Jemand ne Idee wie man sich ev mal findet
Da zumindest A rel früh startet (9h) dürften wir ja gg 12h fertig ( in jeder Beziehung ) sein.


----------



## zestyfied (31. Mai 2012)

Hallo,

ich fahre offiziell für das Team von GIRLSRIDETOO......
bis Sonntag!


----------



## chayenne06 (1. Juni 2012)

@Zestyfied: hab deine startnummer entdeckt


----------



## MTB-News.de




----------



## zestyfied (1. Juni 2012)

[email protected]...... ui...muss ich wohl auch mal suchen gehen


----------



## Tatü (1. Juni 2012)

Ich wünsch euch viel Spaß am Tegernsee


----------



## chayenne06 (1. Juni 2012)

@Tatü:
wieso fährst du ned mit? 
und wann klappts mal mit ner gemeinsamen tour?


----------



## Frau Rauscher (1. Juni 2012)

Zesty: sehen wir uns viell schon morgen bei der strekenbesichtigung mit den Girls Ride too?

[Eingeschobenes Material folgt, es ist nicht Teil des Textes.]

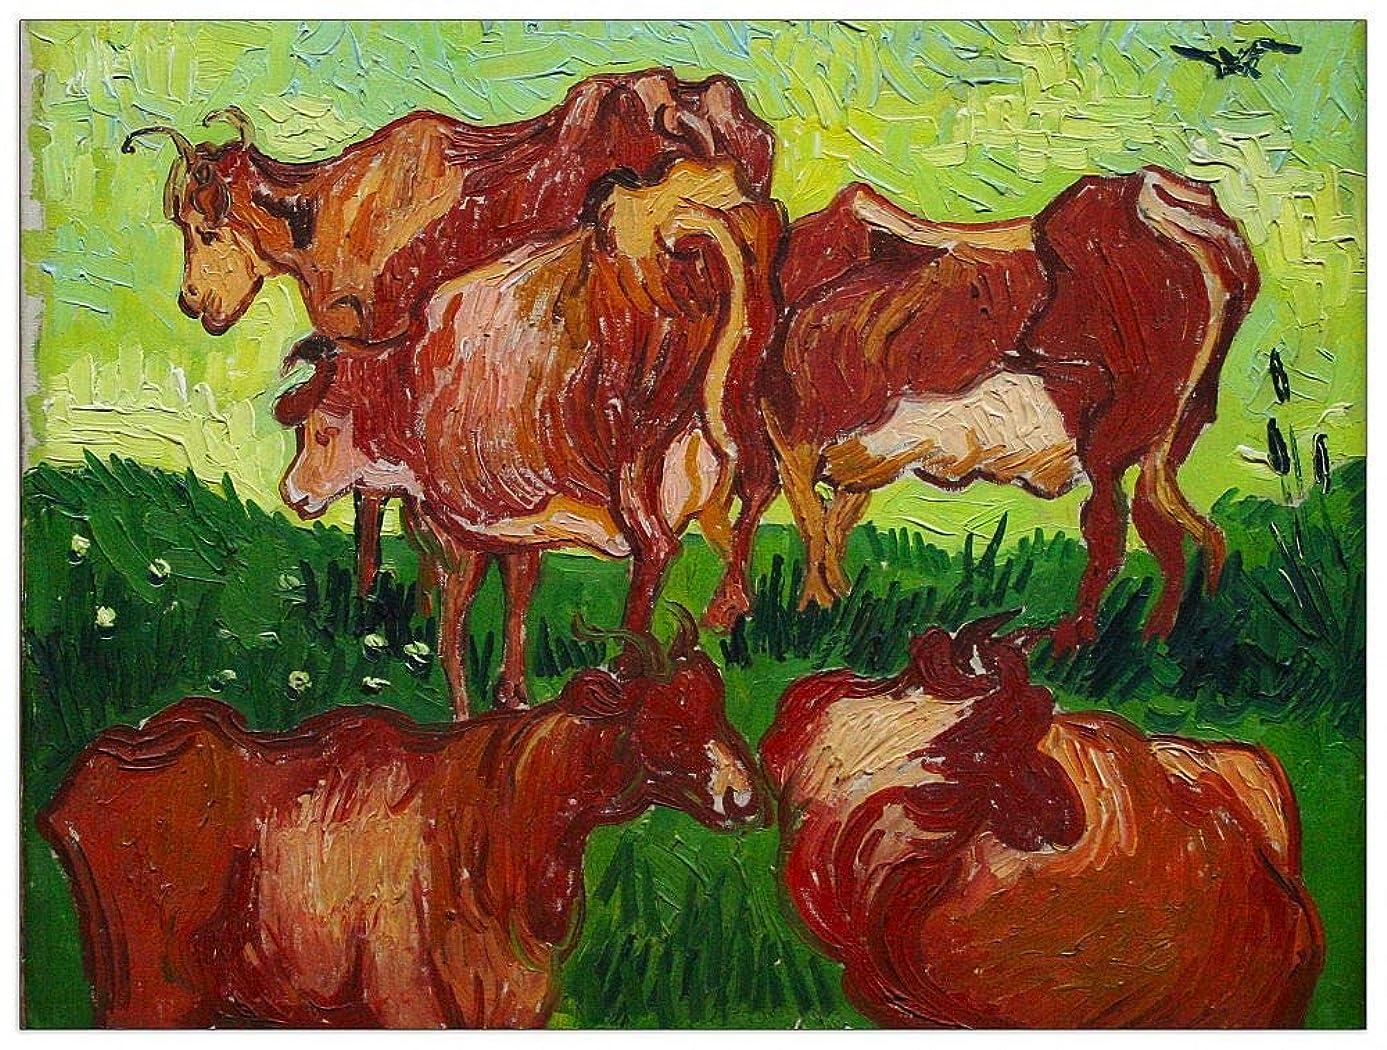 ArtPlaza TW90724 Van Gogh Vincent - Les Vaches Decorative Panel 35.5x27.5 Inch Multicolored

Ich habe vor dazusein


----------



## wintergriller (1. Juni 2012)

Aloha Mädels 

bisher bin ich mit dem Rennrad schon einige Rnnen gefahren. Beim MTB habe ich mich bis jetzt auf Endurorennen (wie Schnitzeljagd und Trailtrophy) beschränkt. Nun will ich mal einen Marathon ausprobieren und habe mal die 50km in Willingen ins Auge gefasst ;-)

Ist eine von euch in Willingen dabei? Oder dort schonmal gefahren? Taugt das für eine Marathonanfängerin?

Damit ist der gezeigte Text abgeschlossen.